=== TASK TO COMPLETE ===
Return nothing but the lines from the one with "Silver ball water" through the one with "Computer numerical control" in the data below, word for word and without pictures.

** SOURCE MATERIAL follows **

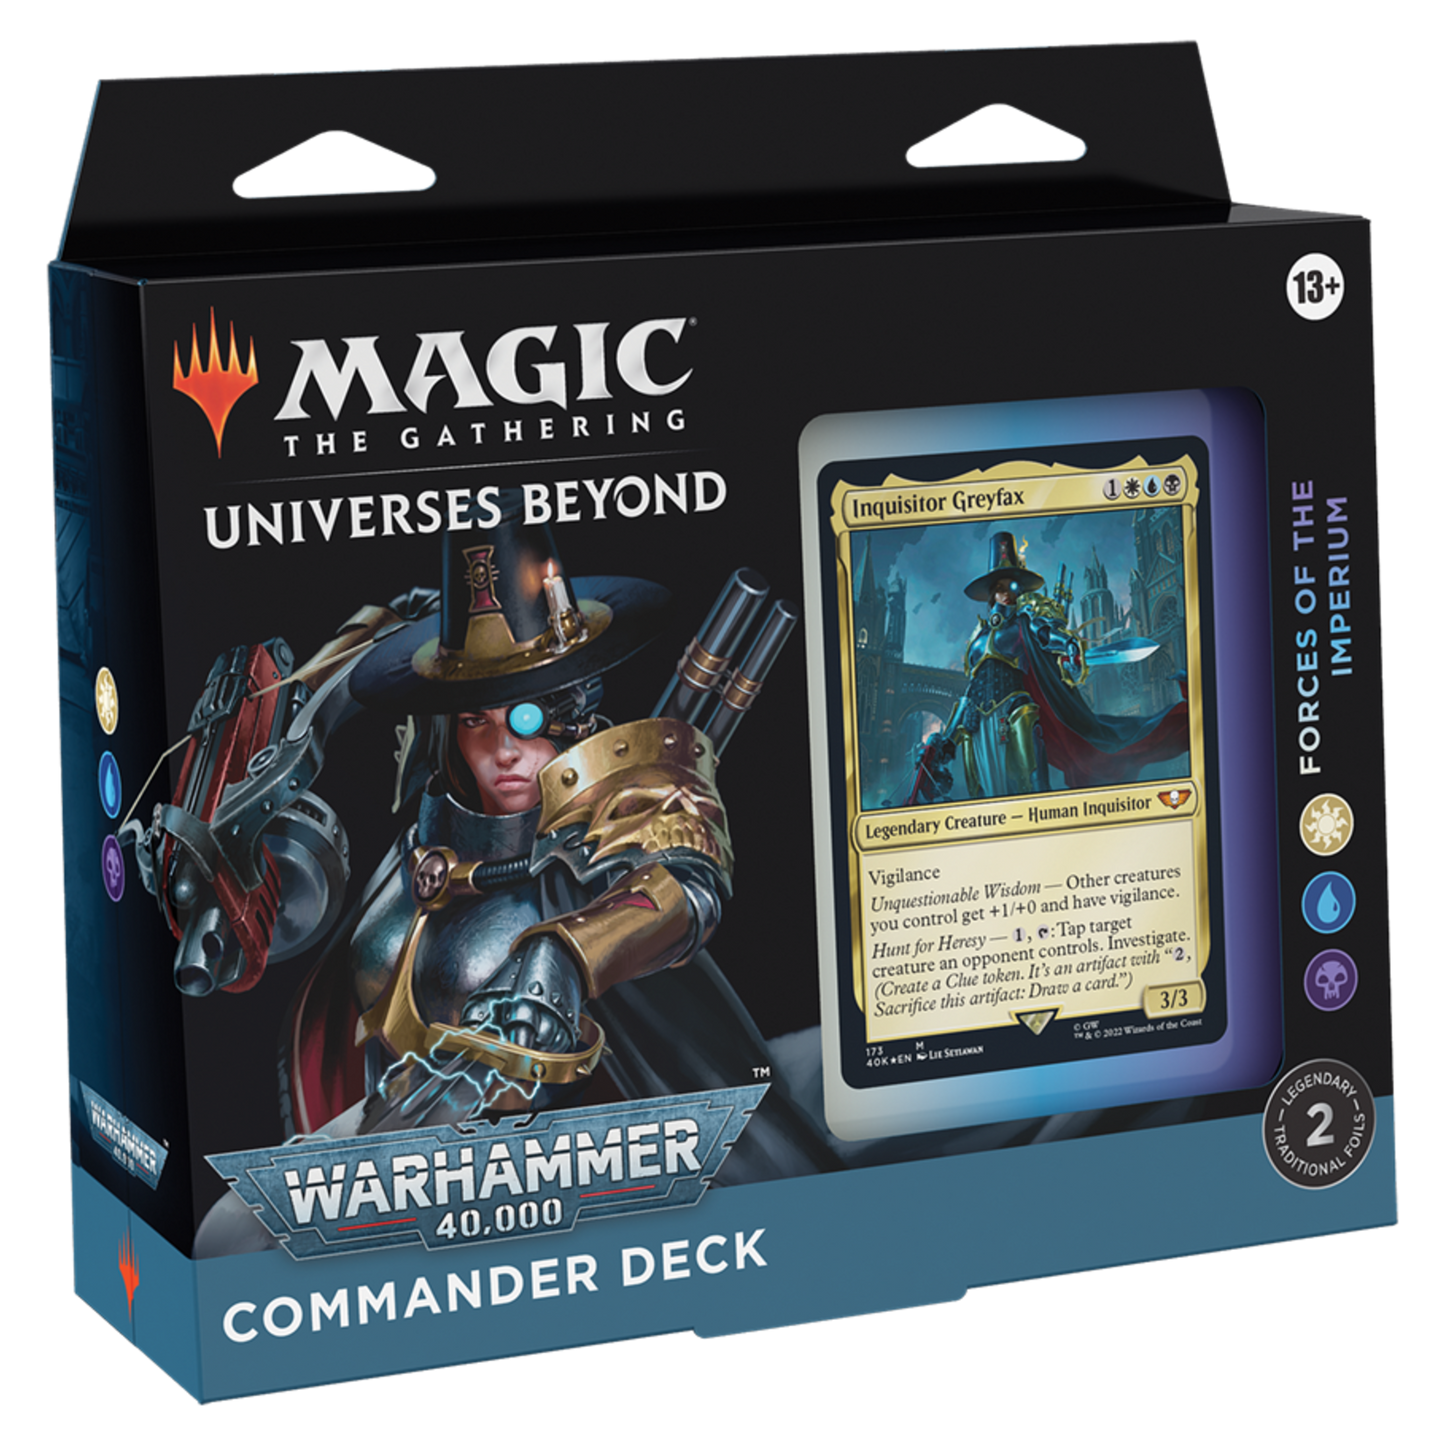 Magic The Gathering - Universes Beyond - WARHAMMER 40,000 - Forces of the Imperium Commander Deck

** End of SOURCE MATERIAL **
** SOURCE MATERIAL follows **

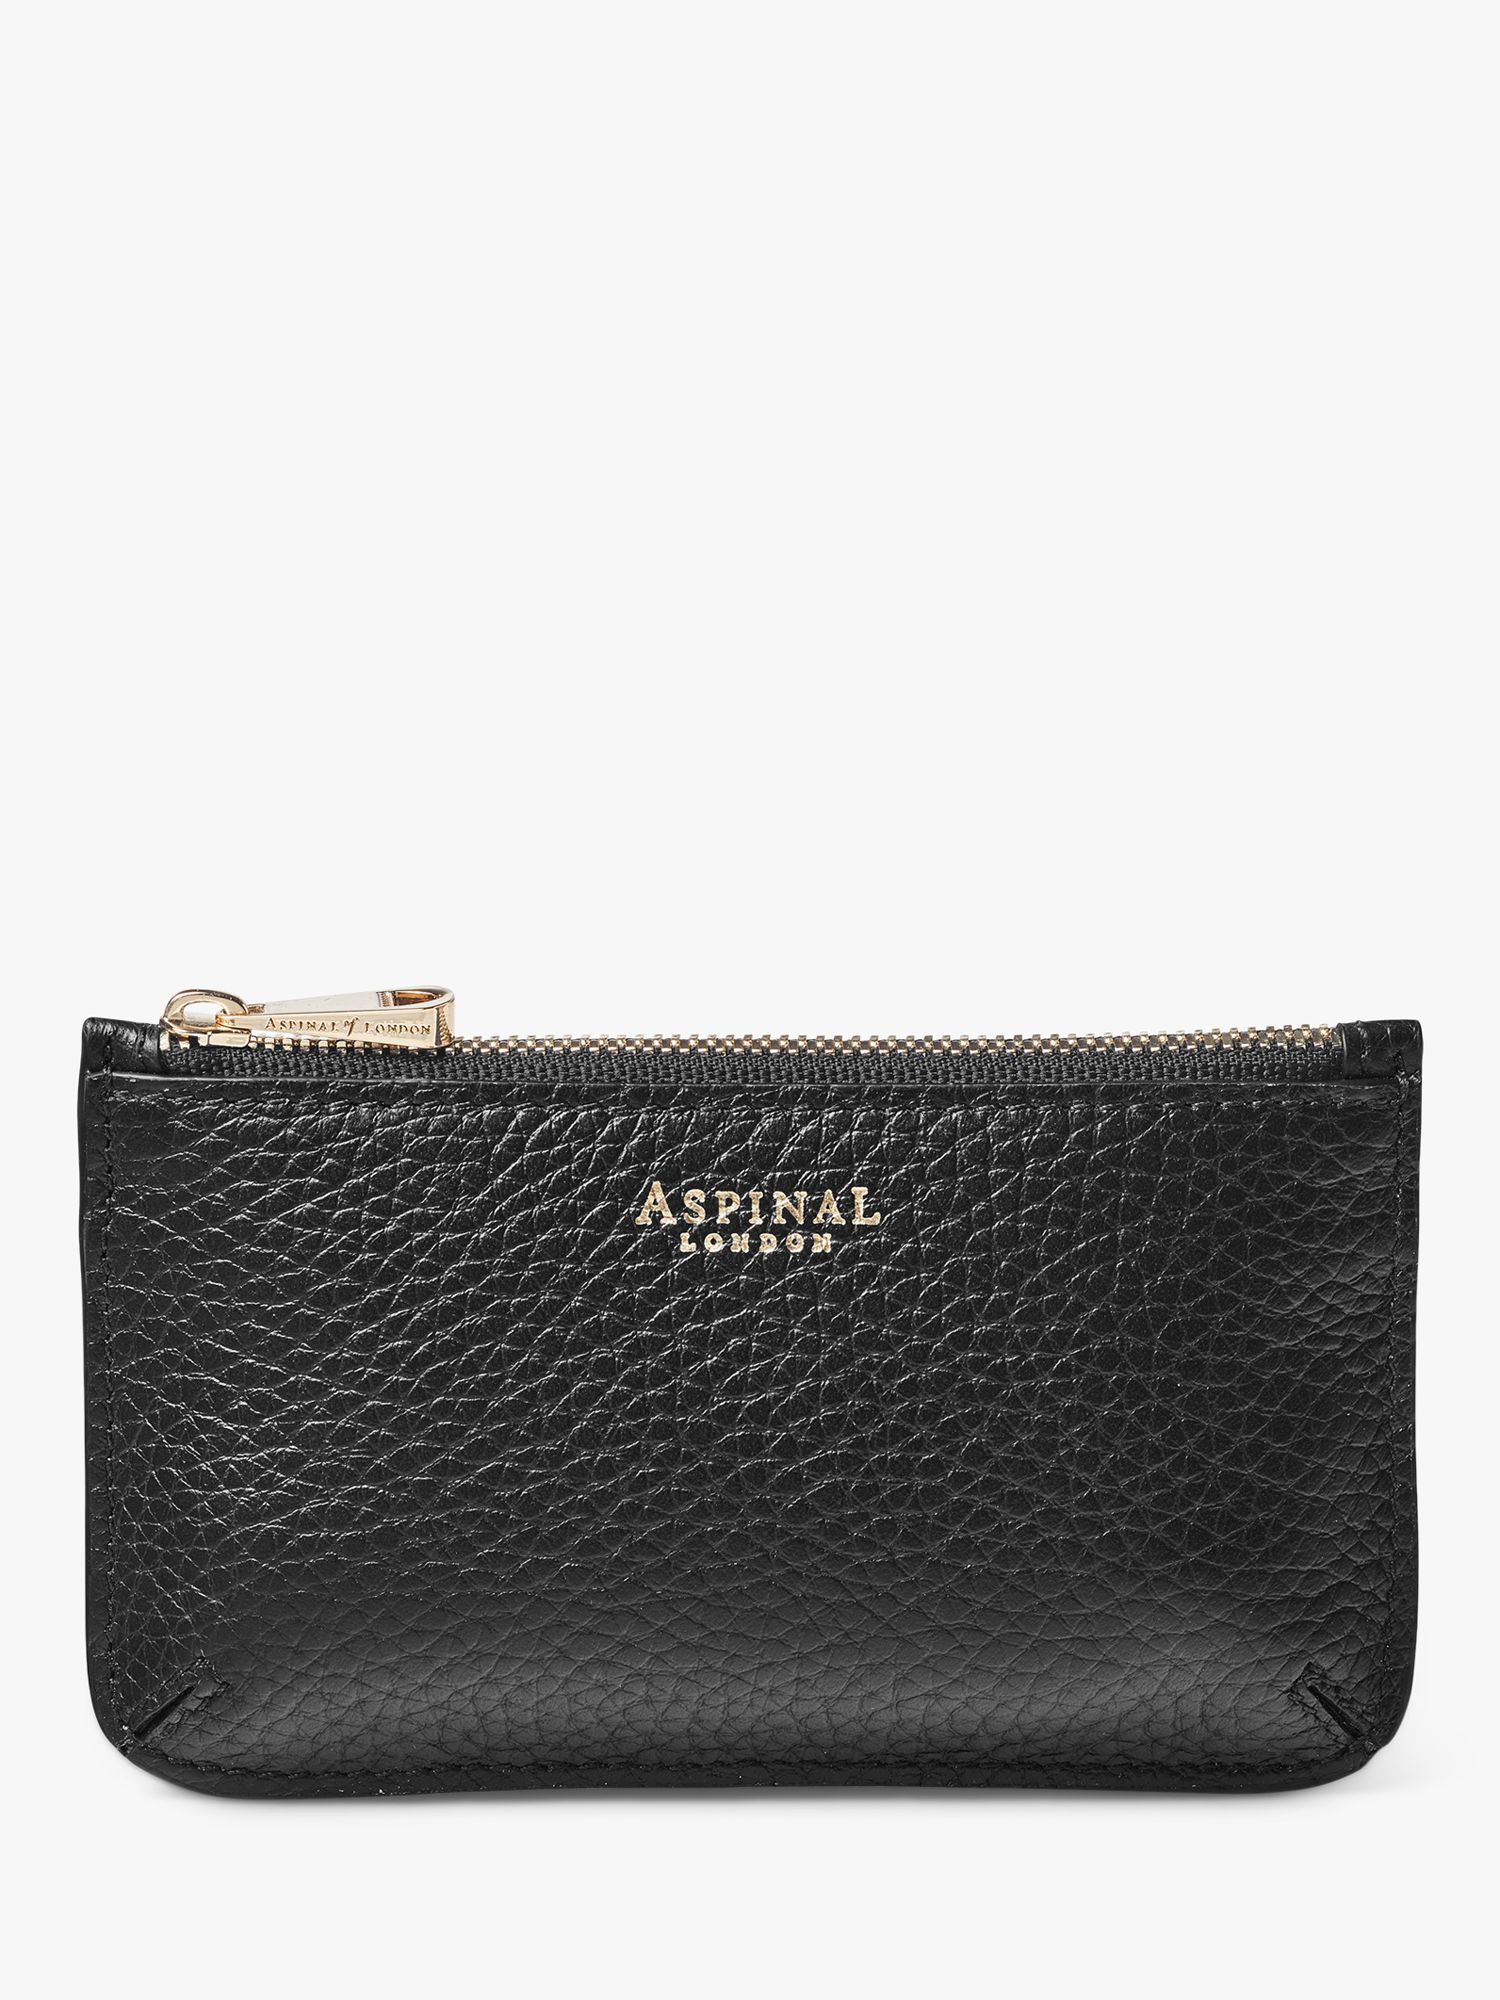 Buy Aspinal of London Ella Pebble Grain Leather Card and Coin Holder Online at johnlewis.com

** End of SOURCE MATERIAL **
** SOURCE MATERIAL follows **

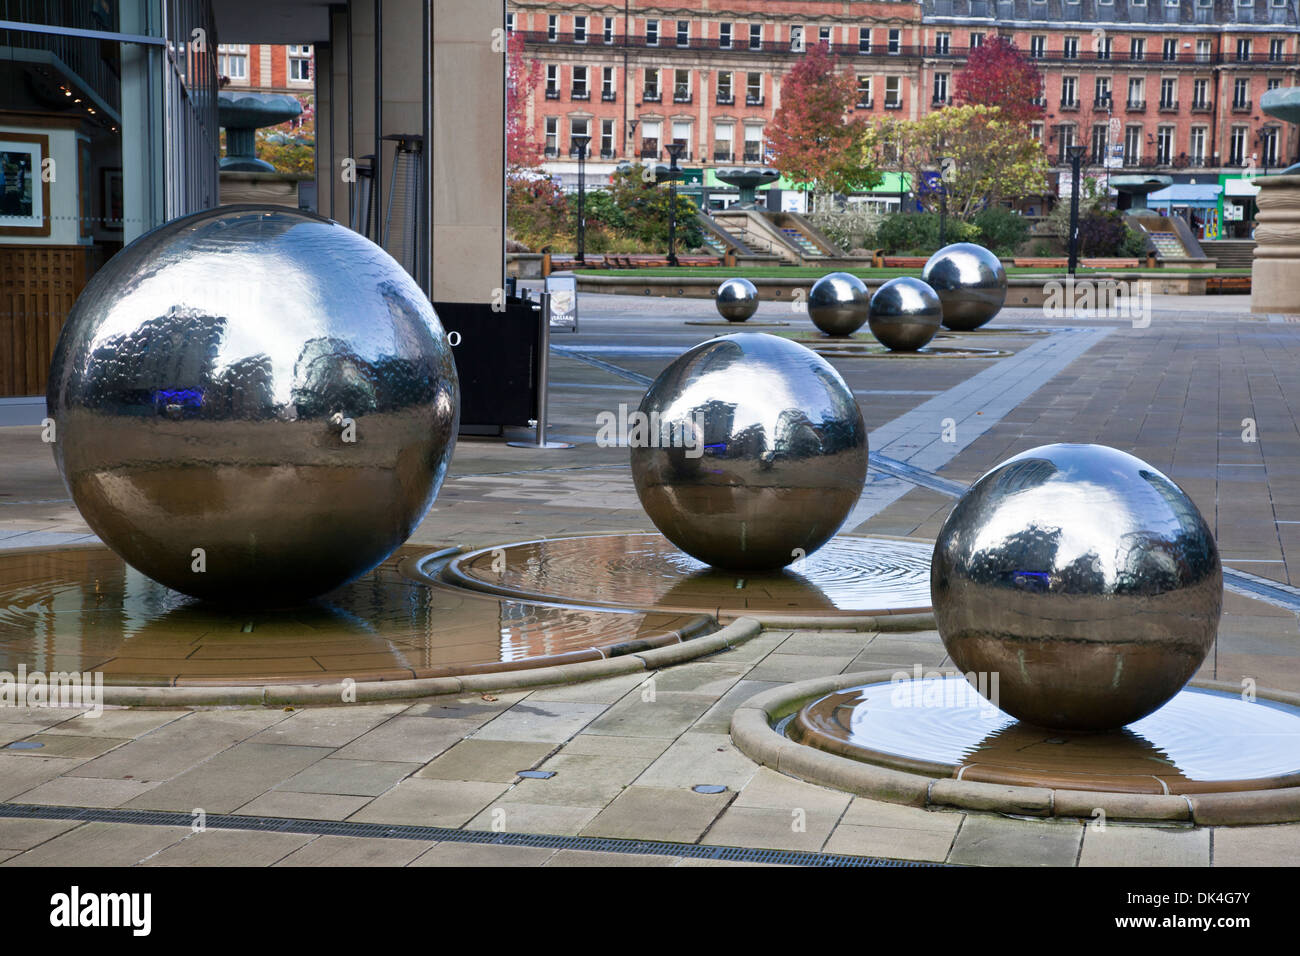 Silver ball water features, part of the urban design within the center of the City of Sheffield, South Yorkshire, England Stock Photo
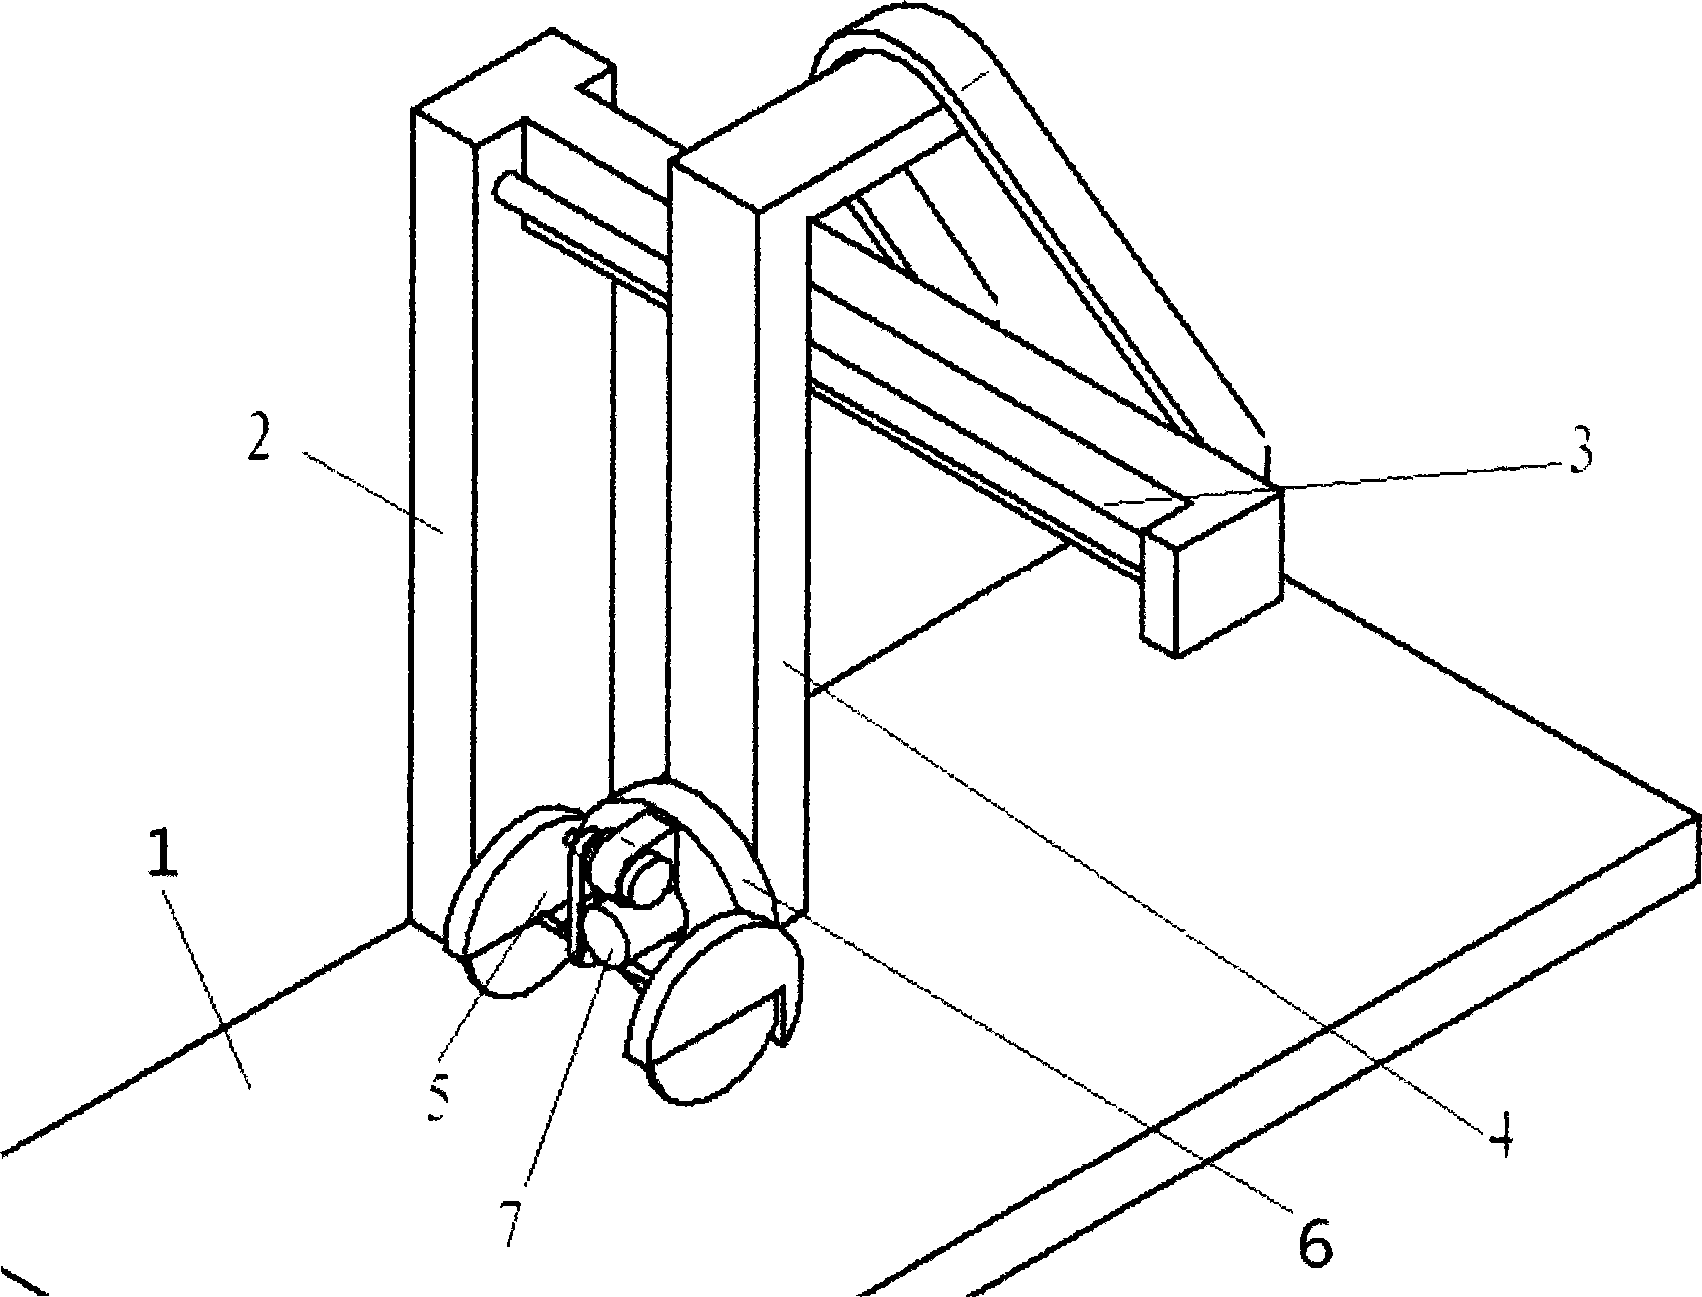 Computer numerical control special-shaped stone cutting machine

** End of SOURCE MATERIAL **

=== EXPECTED ANSWER ===
 Silver ball water features, part of the urban design within the center of the City of Sheffield, South Yorkshire, England Stock Photo
 Computer numerical control special-shaped stone cutting machine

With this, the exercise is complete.